И первый ужас, и первое избавление, и первая любовь, и первое разочарование — только они и могут быть настоящими потрясениями, до дна пробирает только еще не бывалое.
Репродуктор — торчавшая на шкафу ребром черная китайская шляпа (она уже видела такие в киножурнале) — начинал свой болбочущий день с того, что запевал притворным квакающим голоском: «Мне хорошо, колосья раздвигая, сюда ходить вечернею порой, стеной стоит пшеница золотая по сторонам тропинки полевой». И однажды до нее дошло, что квакающий голосок поет про то самое поле, которое начинается сразу за ее домом, но без песни Юля не догадывалась, как хорошо туда забраться, раздвигая колосья. Она раздвигала и пробиралась, раздвигала и пробиралась, так что когда она наконец насладилась жизнью в песне и решила вернуться, то оказалось, что она совершенно не представляет, в какой стороне остался дом. Пшеница стояла именно что стеной. Она пыталась подпрыгивать, но эту сухую пахучую стену было не перепрыгнуть. Уже начиная похныкивать, она металась то в одну, то в другую сторону, но когда пытаешься бежать, пшеница перестает расступаться, а прямо-таки отпихивает тебя обратно. Она уже в отчаянии кричала: «Папа, папа!!!», потом садилась на горячую землю и плакала навзрыд, потом снова кричала, и когда папа над нею через несколько тысячелетий наконец навис, она была так счастлива, что даже не удивлялась, почему он так сердито волочет ее за руку. Но когда он дома начал стегать ее по попке ее же собственной скакалочкой, тут она удивилась: он никогда ее раньше пальцем не трогал, иногда только любил потискать, ущипнуть за щечку, иной раз даже и больновато. Они довольно долго кружились — она убегала от скакалочки, а скакалочка догоняла.
Так она познала предательство, коварство мира. Только что была пшеница золотая, дышащая вкусной пылью, и вдруг она же оборачивается готовой проглотить тебя пастью…

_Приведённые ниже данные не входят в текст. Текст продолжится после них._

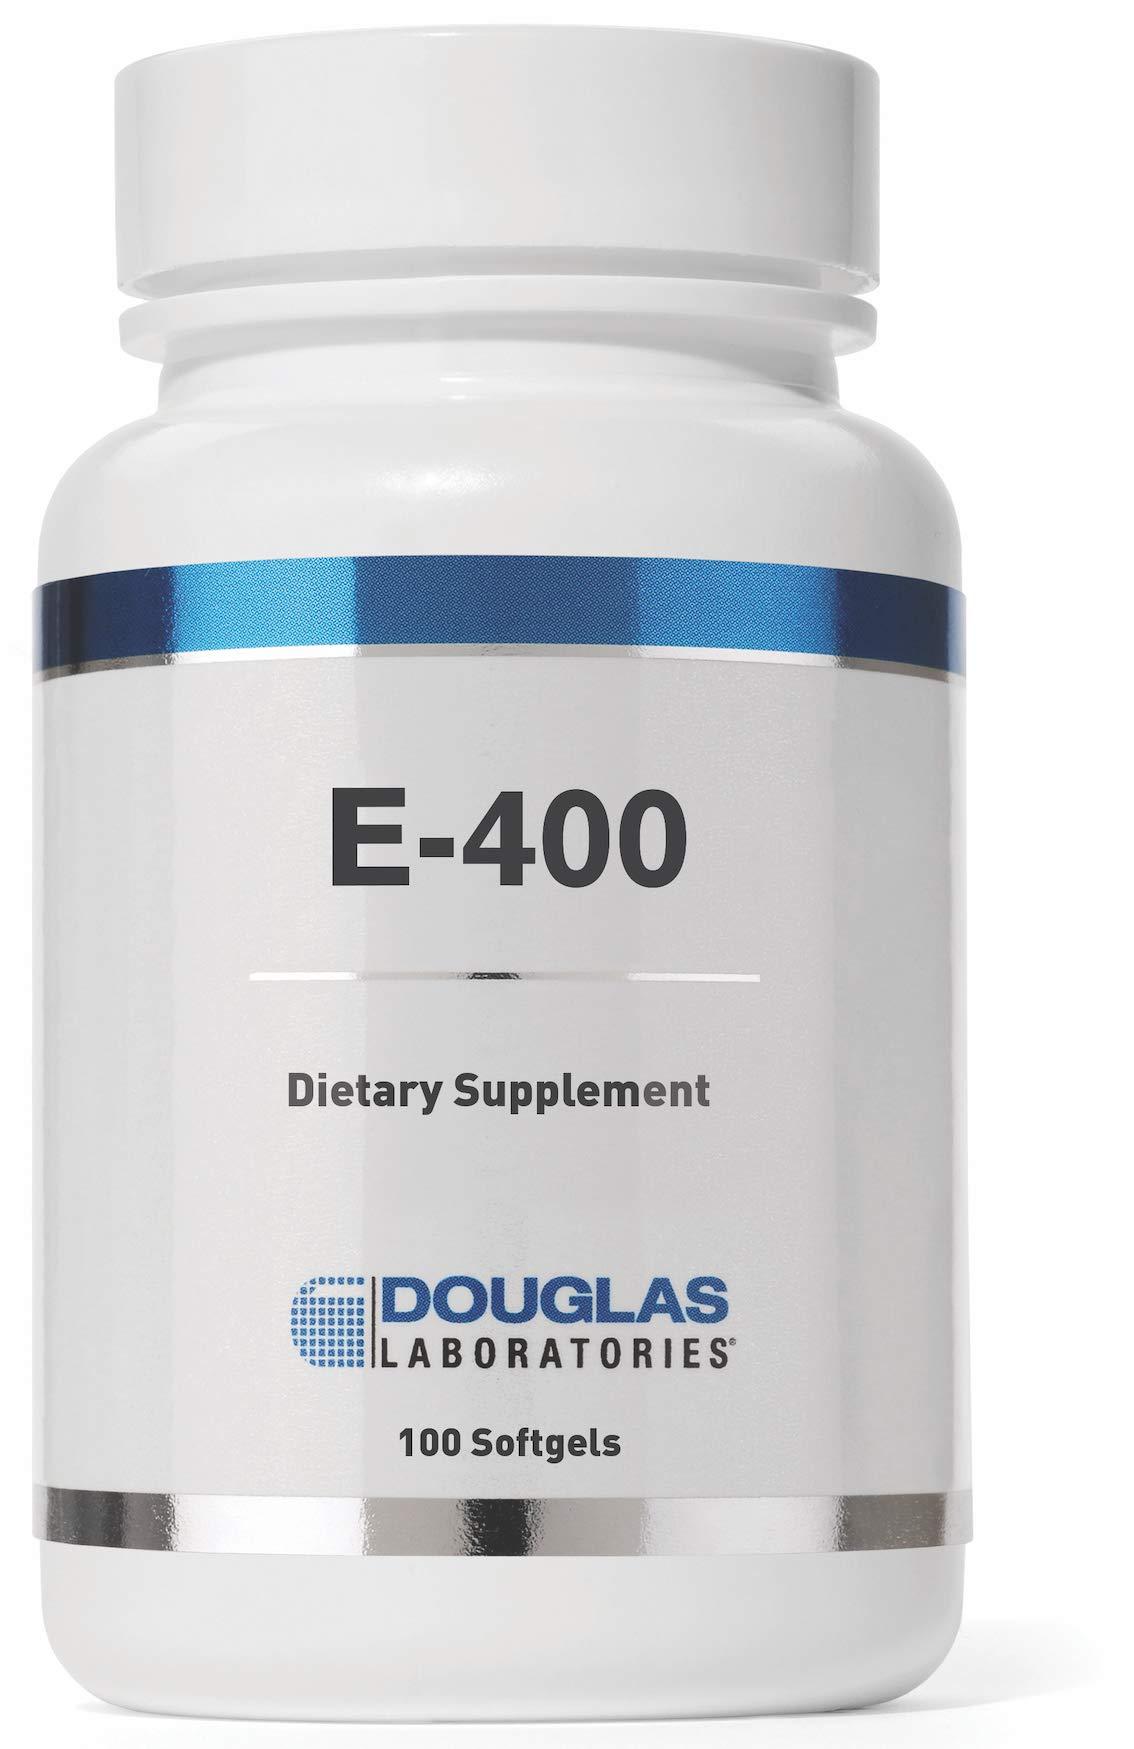 Douglas Laboratories - E-400 - Vitamin E for Antioxidant Protection and Cardiovascular Support - 100 Capsules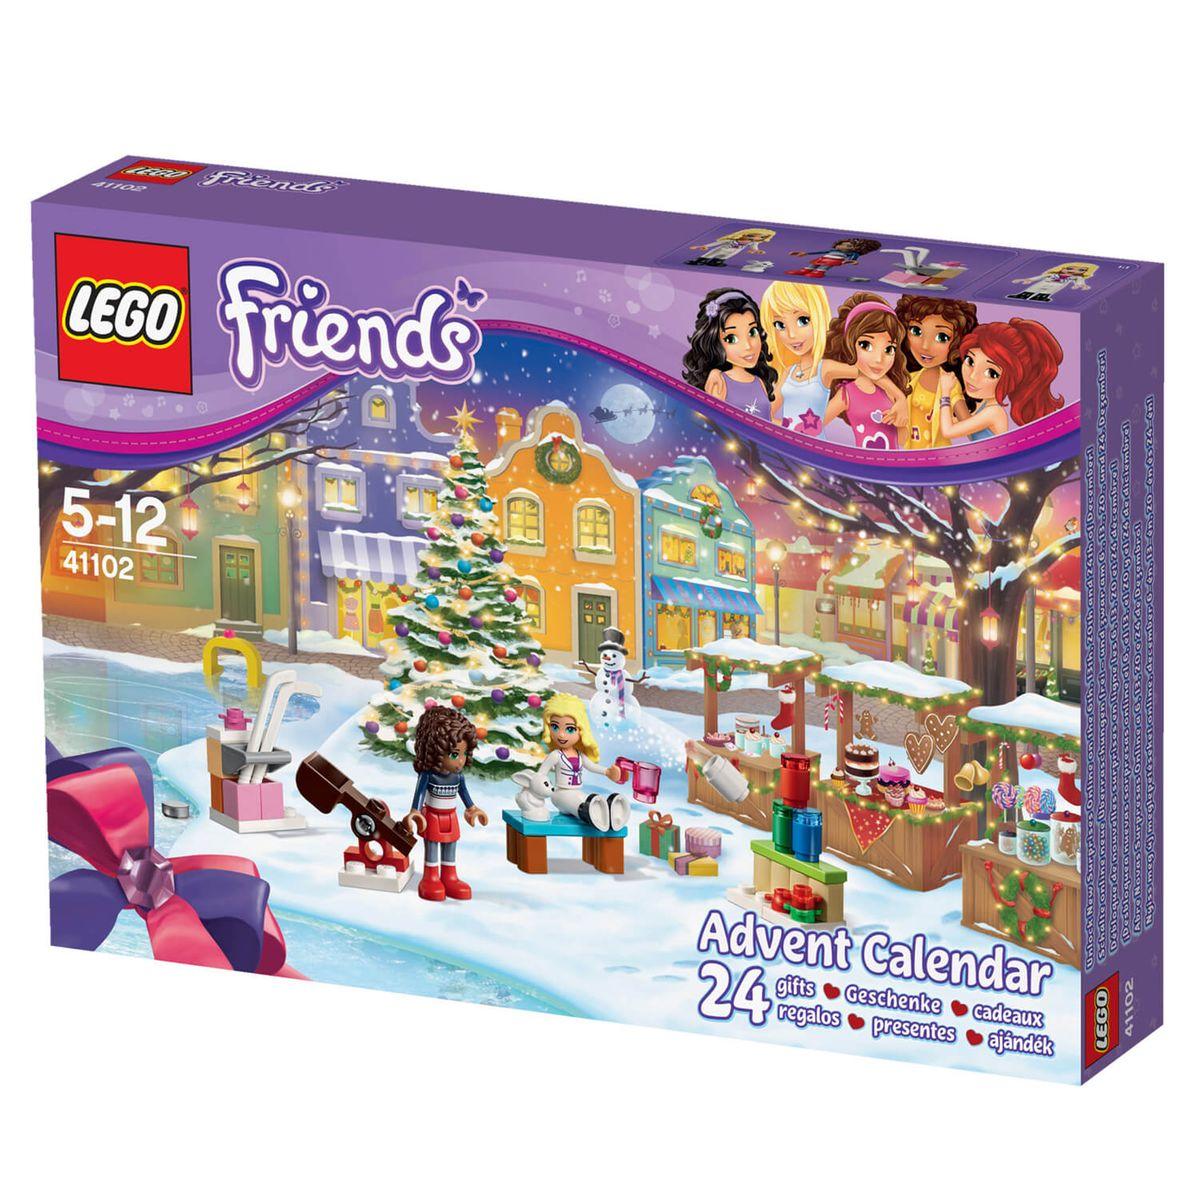 Lego 41102 friends : calendrier de l'avent Lego

А когда папа уже работал в Акдалинске на мелькомбинате, один хулиганистый парень по фамилии Гольц любил кататься на ленте транспортера вместе с намолоченной пшеницей, в последнюю минуту спрыгивая. И вдруг почему-то замешкался. И свалился в бункер. И когда его сумели наконец оттуда извлечь, он был весь синий, а рот и нос были забиты золотым зерном.
И все-таки ей на всю жизнь запомнился второй квакающий куплет: «Всю ночь поют в пшенице перепелки о том, что будет урожайный год, еще о том, что за рекой в поселке моя любовь, моя судьба живет». Песня открыла ей, что любовь такая же важная вещь, как и урожай, раз их поминают рядом.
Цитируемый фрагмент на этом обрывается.